Несмотря на слова о необходимости преодоления гуманизма ради действия, ведущего к общему благу, сам Мандельштам отнюдь не разрешил обозначенное противоречие и не «преодолел гуманизм», несмотря на периодически возникавший соблазн согласиться с господствующими идеологическими постулатами и пойти со всеми в ногу.

Как воспринимал Мандельштам происходившее в стране? С осторожной надеждой. Прошлое прошло, гражданская война закончилась, и Мандельштаму хотелось поладить с новым временем. Как в 1918-м в «Сумерках свободы» он сказал: «Ну что ж, попробуем…» – так теперь он повторяет с такой же неуверенной интонацией:

Ну что же, если нам не выковать другого,

Давайте с веком вековать.


«Нет, никогда, ничей я не был современник…», 1924


Но себя поэт ощущал связанным во многом с миром ушедшим. Он и сам был – и сознавал себя – одним их тех «потерпевших крушение выходцев девятнадцатого века, волею судеб заброшенных на новый исторический материк», о которых писал в статье «Девятнадцатый век».

Он чувствовал, что его жизнь, его век расколоты, раздроблены: старый мир ушел, а между старым и возникавшим новым, в который ему хотелось поверить и в котором он был намерен занять свое место, – роковой разлом:

Век

Век мой, зверь мой, кто сумеет

Заглянуть в твои зрачки

И своею кровью склеит

Двух столетий позвонки?

Кровь-строительница хлещет

Горлом из земных вещей,

Захребетник лишь трепещет

На пороге новых дней.


Тварь, покуда жизнь хватает,

Донести хребет должна,

И невидимым играет

Позвоночником волна.

Словно нежный хрящ ребенка

Век младенческий земли.

Снова в жертву, как ягненка,

Темя жизни принесли.


Чтобы вырвать век из плена,

Чтобы новый мир начать,

Узловатых дней колена

Нужно флейтою связать.

Это век волну колышет

Человеческой тоской,

И в траве гадюка дышит

Мерой века золотой.


И еще набухнут почки,

Брызнет зелени побег,

Но разбит твой позвоночник,

Мой прекрасный жалкий век!

И с бессмысленной улыбкой

Вспять глядишь, жесток и слаб,

Словно зверь, когда-то гибкий,

На следы своих же лап.


1922


Залечить перелом, срастить два века, восстановить нарушенную связь – к этому призван художник («флейтою связать» – здесь несомненно перефразируется «флейта-позвоночник» Маяковского, а на более глубоком уровне присутствует отсылка к словам Гамлета о том, что «время вышло из сустава» и требуется его вправить: “The time is out of joint: O cursed spite, / That ever I was born to set it right!”).

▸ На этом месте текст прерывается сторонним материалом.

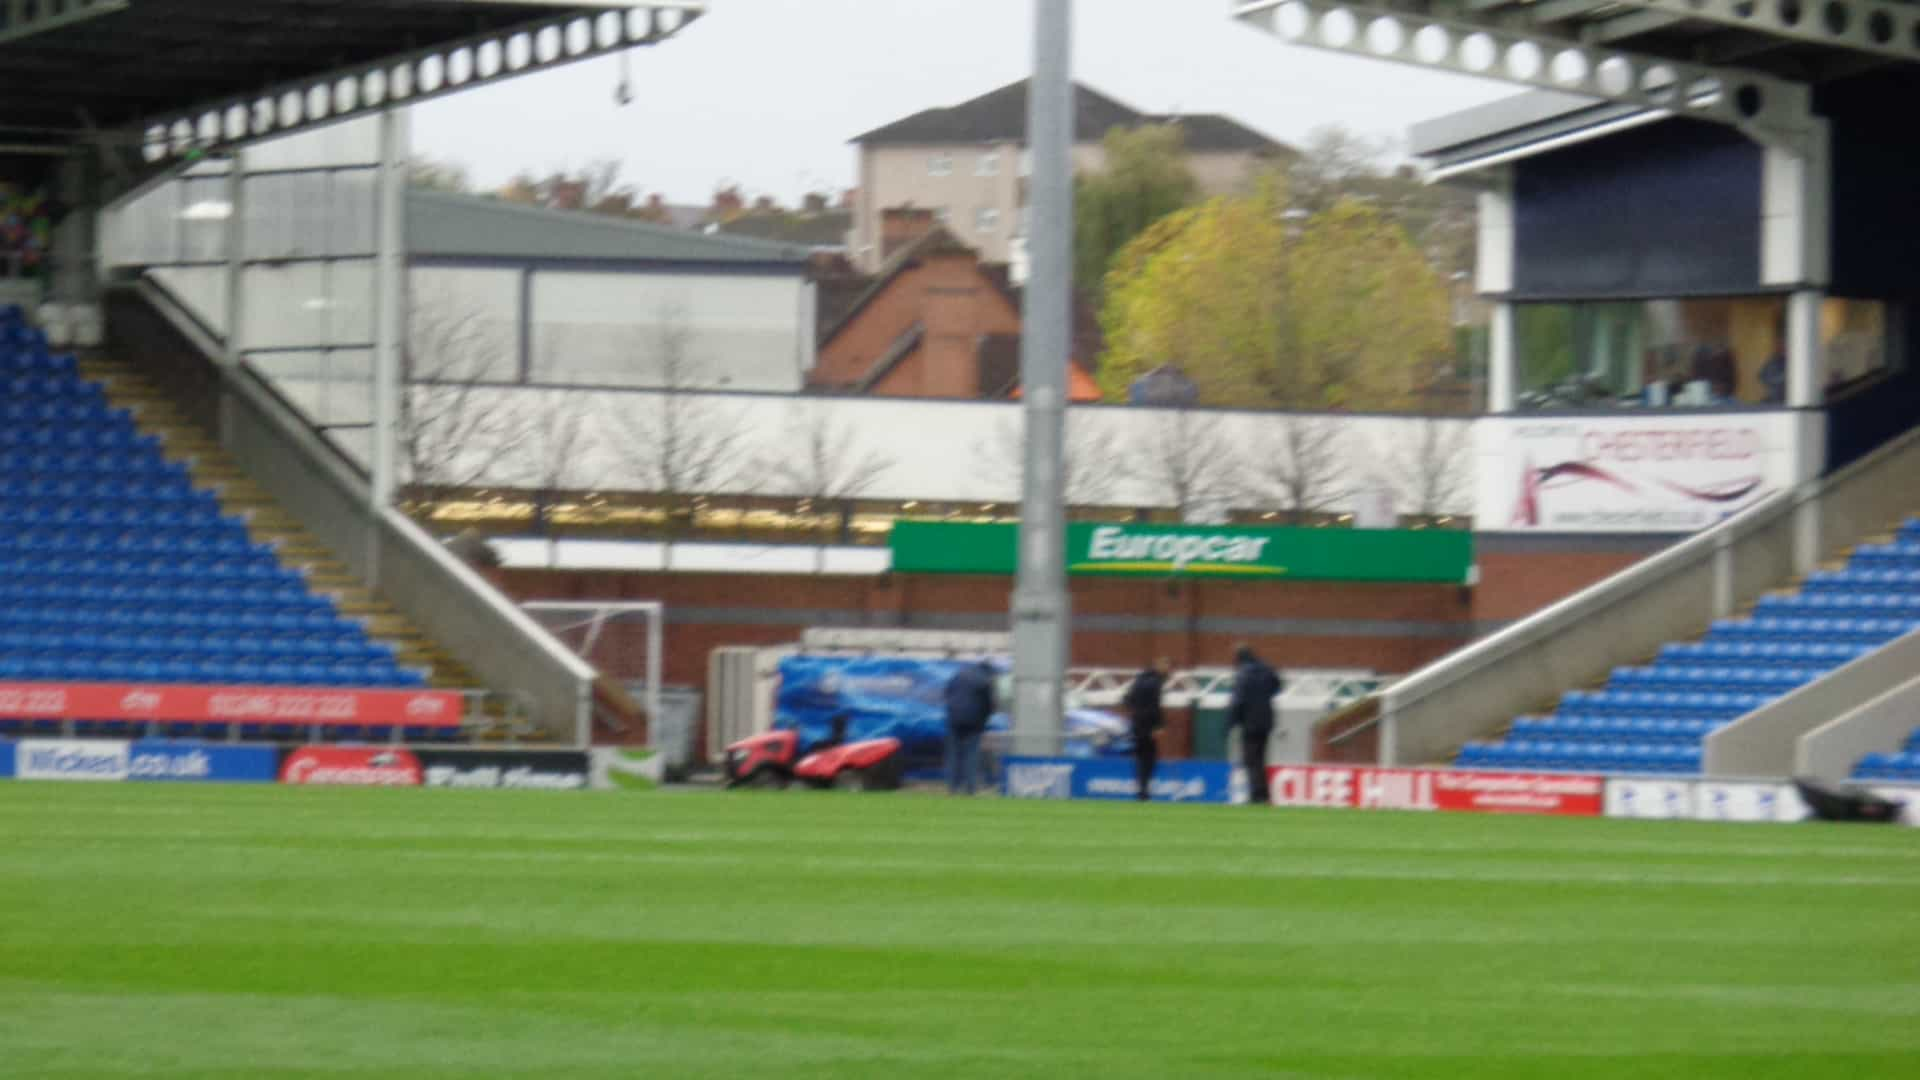 Chesterfield FC Stadium

Отметим, что к этому же образу – позвоночника – обращается Мандельштам, когда пишет о произошедшем преодолении разрыва между старой и новой поэзией: выше приводились слова из статьи «Буря и натиск», где Мандельштам назвал это преодоление «сращением позвоночника двух поэтических систем». Тут, в «Веке», звучит и никогда не покидавшая Мандельштама тема жертвы поэта: «склеить» две эпохи придется, как сказано, «своею кровью». Поэт не хотел быть «захребетником» в новом мире, но некоторые черты становящегося общества его не могли радовать. Эпоха вызывала определенные сомнения в ее творческой новизне (несмотря на всю «футуристическую» яркость) и нравственной полноценности. Вопрос о том, не скрывается ли за революционной маской – как бы ни относиться к революции – парадоксальный возврат назад, к допетровским временам, к ориентации на Восток, не раз поднимается в стихах и прозе Мандельштама. Большевистская Россия ушла из европейской семьи народов, и перенос столицы в Москву был не просто переездом правительства; в этом акте нельзя было не различить и символический знак. Положение усугублялось тем, что новая Московия была нехристианской, более того – антихристианской (говоря шире – отказалась от всего «авраамического», иудейско-христианского наследства). Произошел радикальный поворот, который можно было воспринять как поворот к Востоку. Живя в Москве, Мандельштам осознает это. Неслучайно, отталкиваясь, очевидно, от названия «Китай-город», он сравнивает Москву с Пекином:

«Москва – Пекин: здесь торжество материка, дух Срединного царства, здесь тяжелые канаты железнодорожных путей сплелись в тугой узел, здесь материк Евразии празднует свои вечные именины.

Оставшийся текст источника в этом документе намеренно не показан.